# THE DATA:
Segment Open

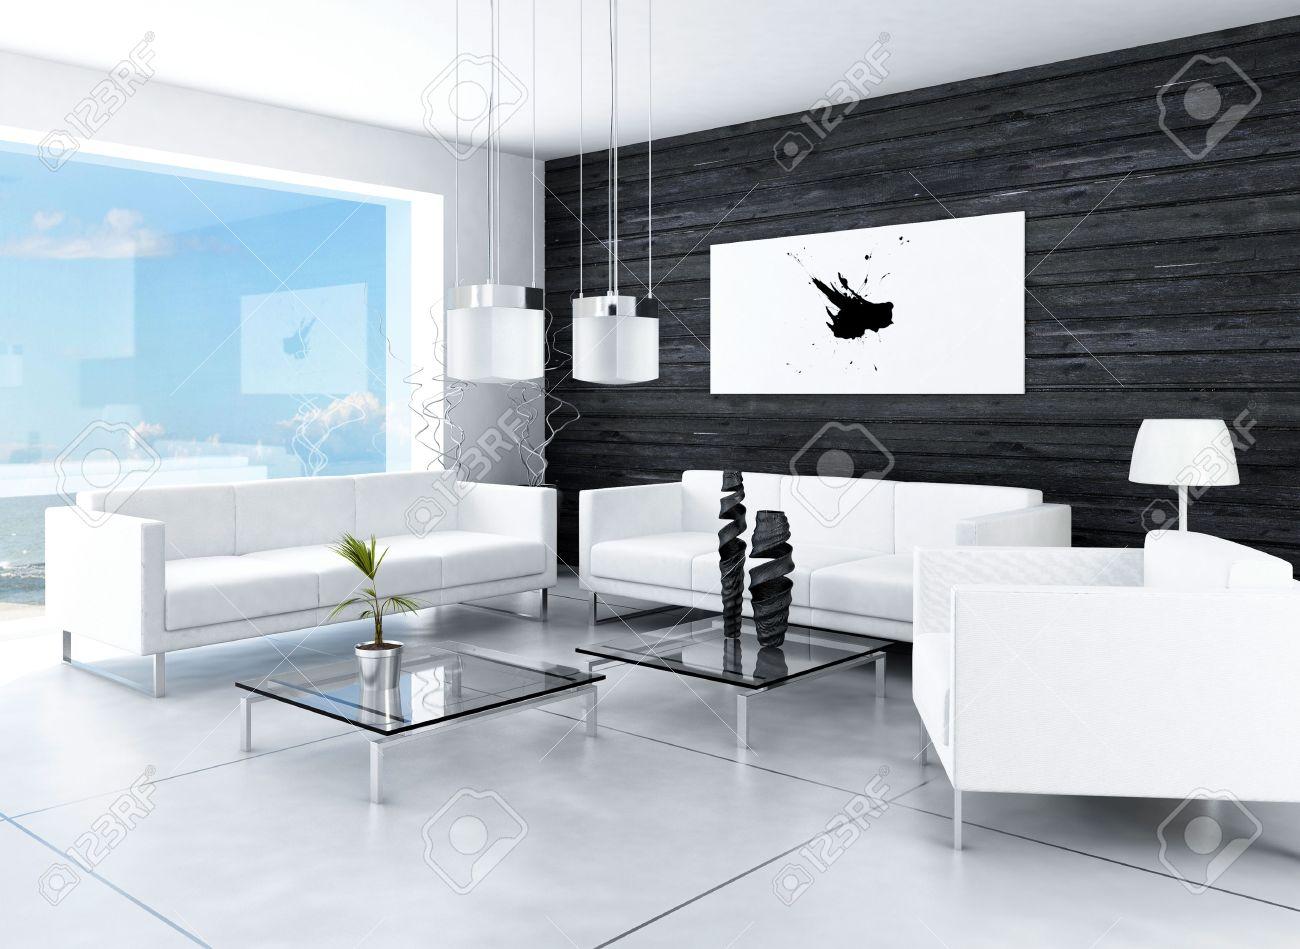 le design moderne interieur de salon noir et blanc
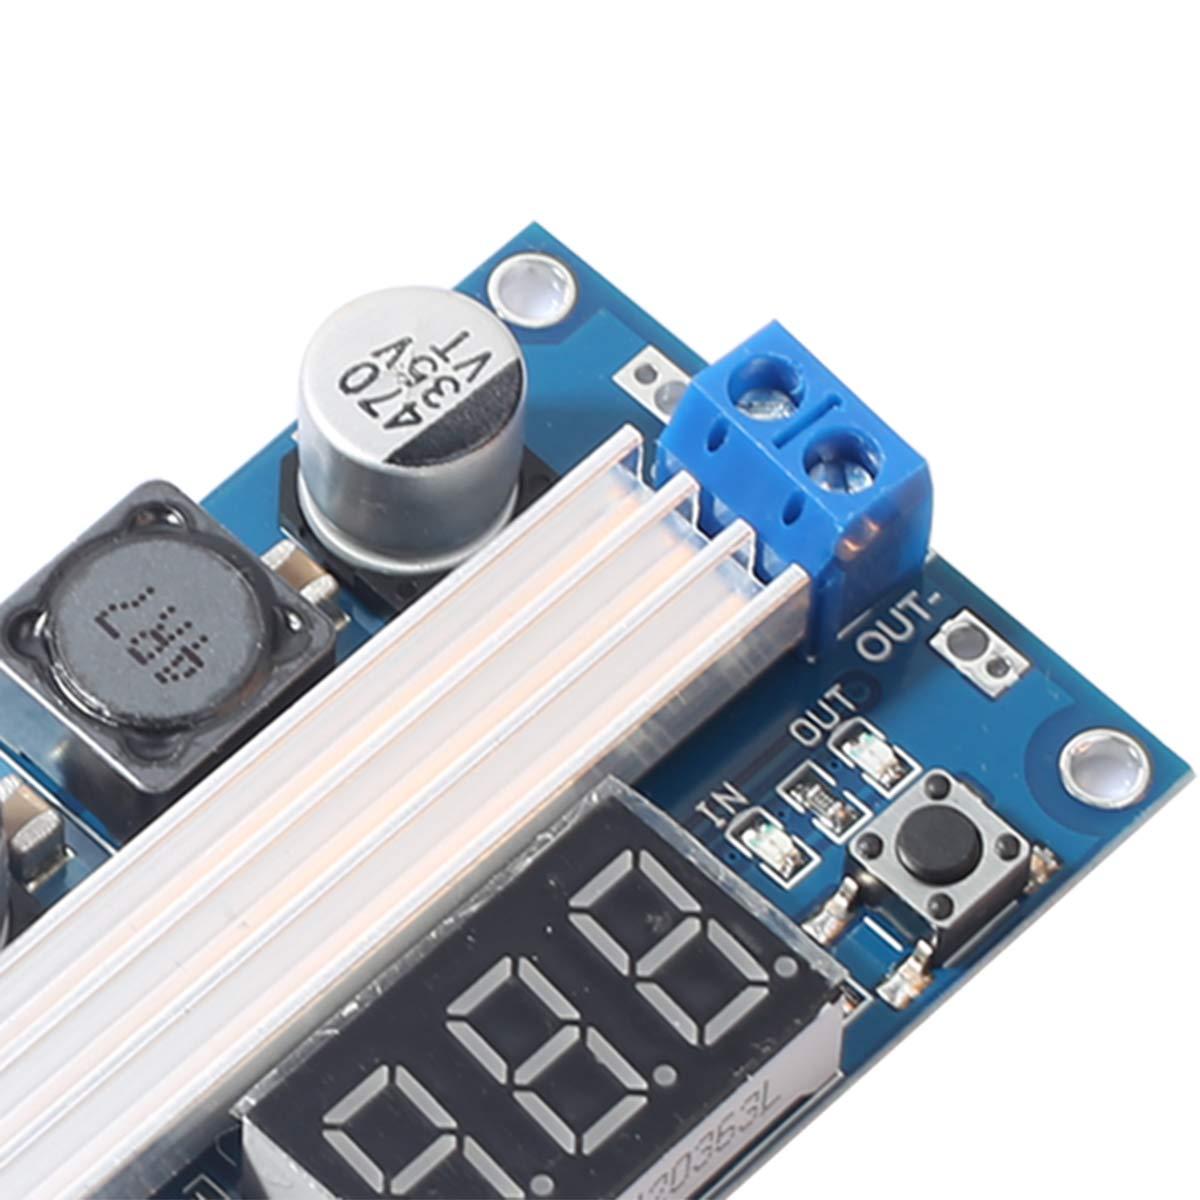 uxcell 1//4 Watt 620 Ohm Carbon Film Resistors 5/% Tolerances 0.25W 100pcs 4 Color Band a18060100ux0146
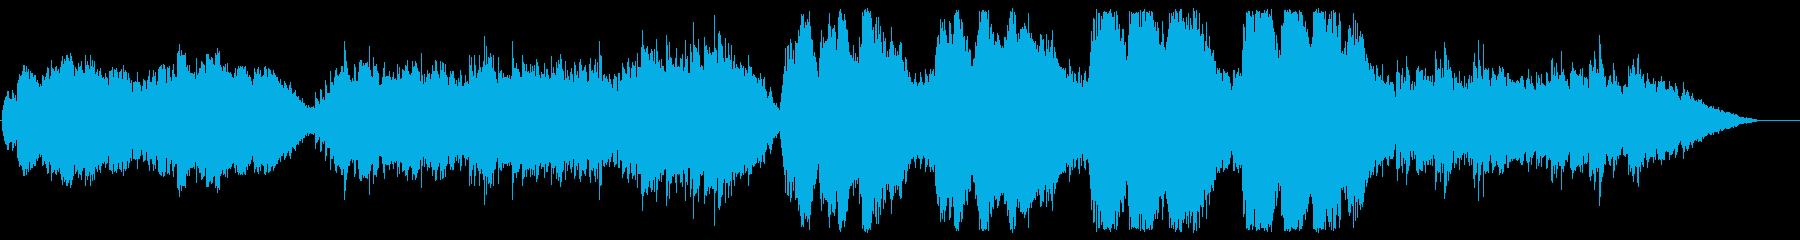 広がりのあるストリングスが特徴的なBGMの再生済みの波形
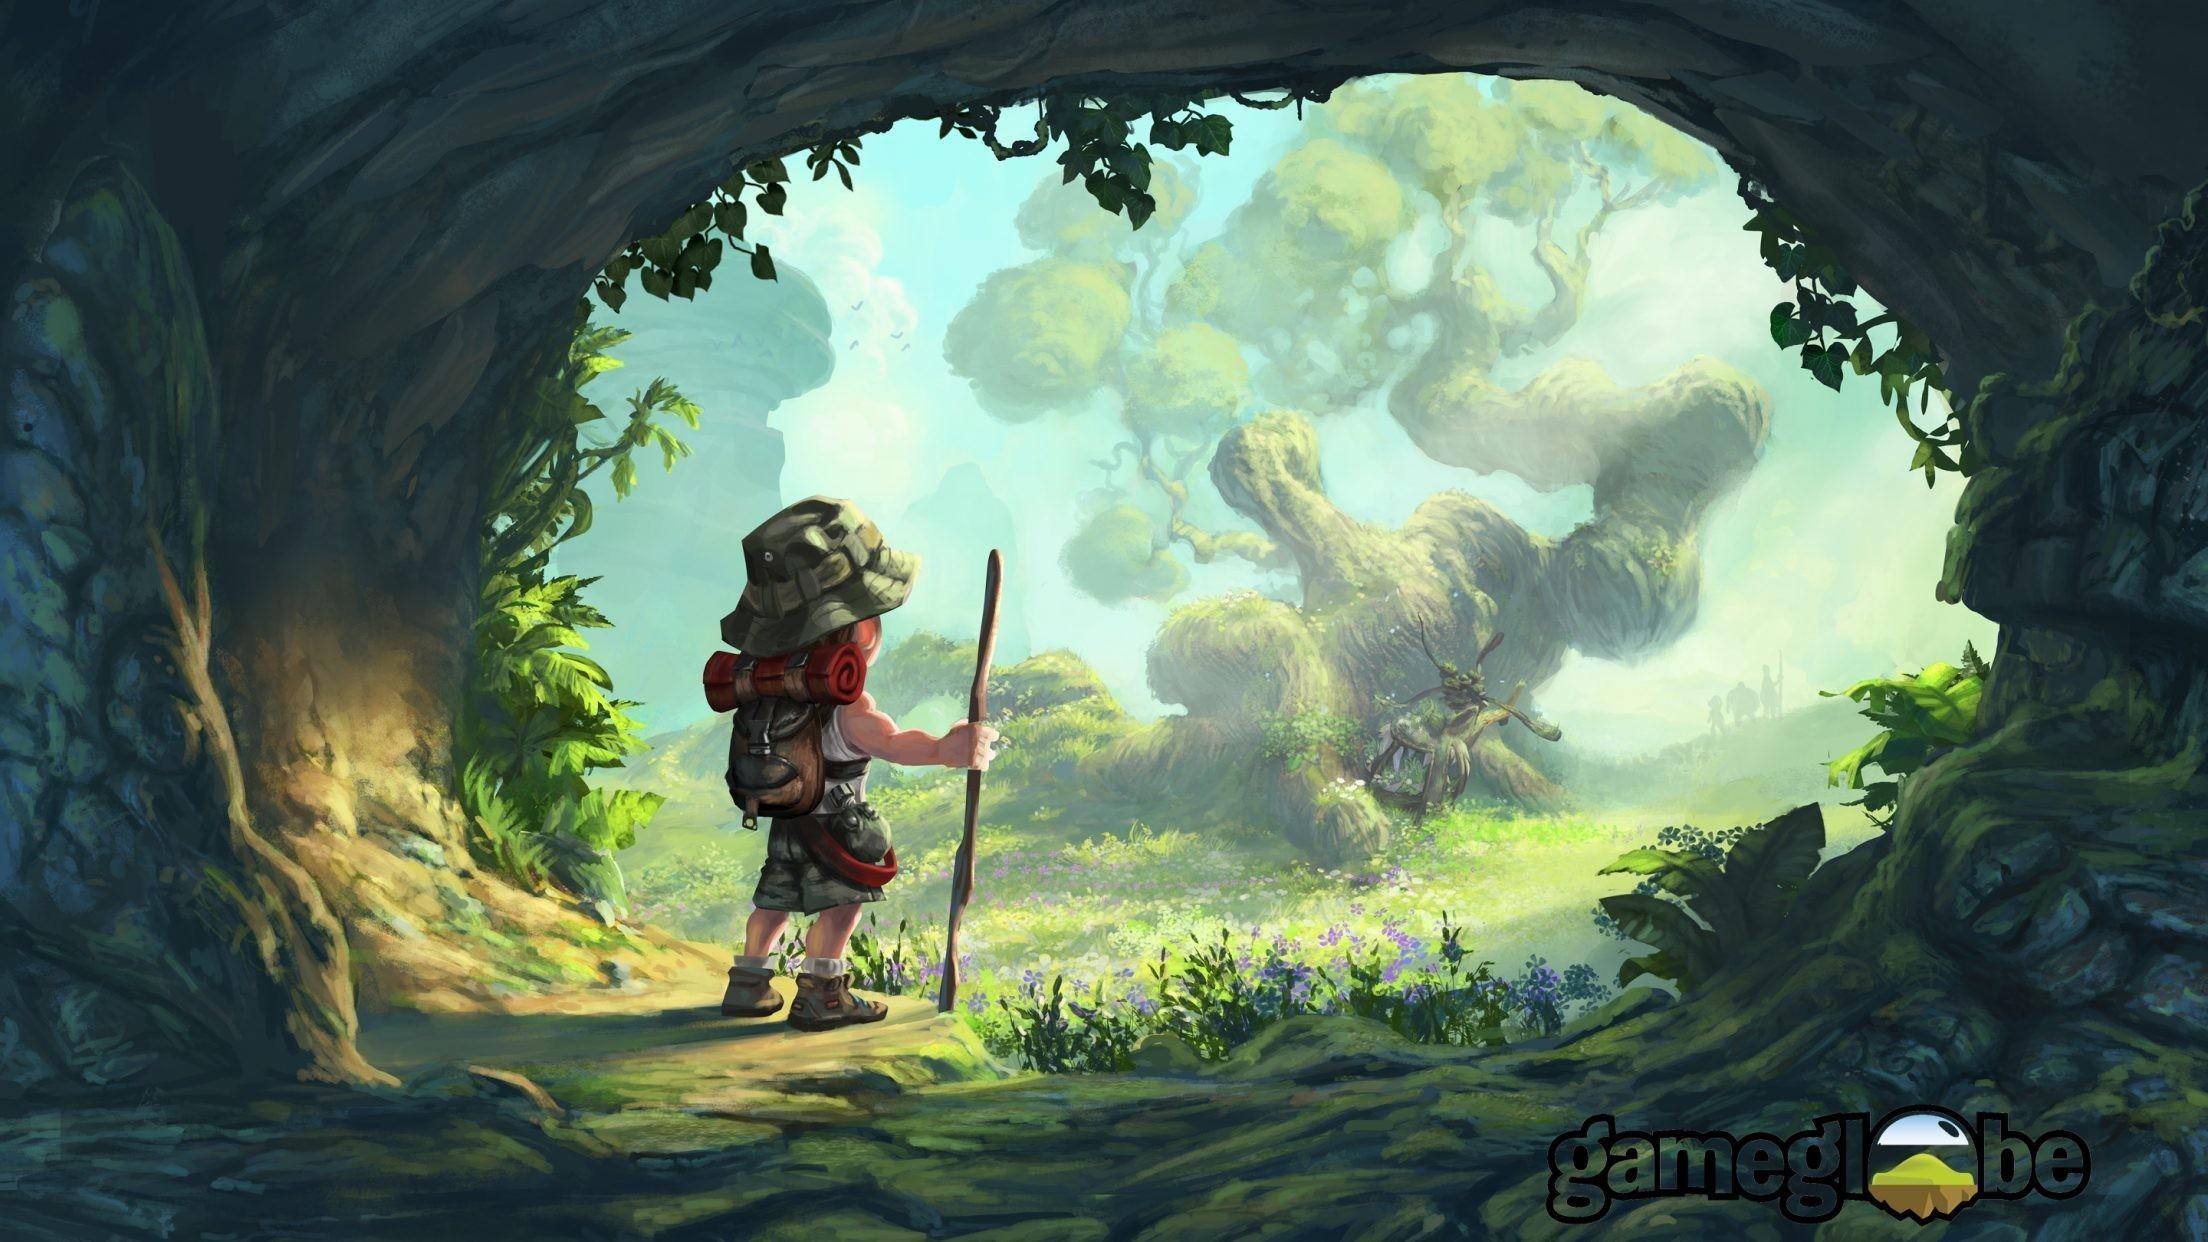 4k Games Wallpaper 82 Images

Segment Closed

# WHAT IS BEING ASKED:
Retype the material in full, exactly as written, and exclude the pictures.

# ANSWER TO THIS TASK:
 le design moderne interieur de salon noir et blanc
 uxcell 1//4 Watt 620 Ohm Carbon Film Resistors 5/% Tolerances 0.25W 100pcs 4 Color Band a18060100ux0146
 広がりのあるストリングスが特徴的なBGMの再生済みの波形
 4k Games Wallpaper 82 Images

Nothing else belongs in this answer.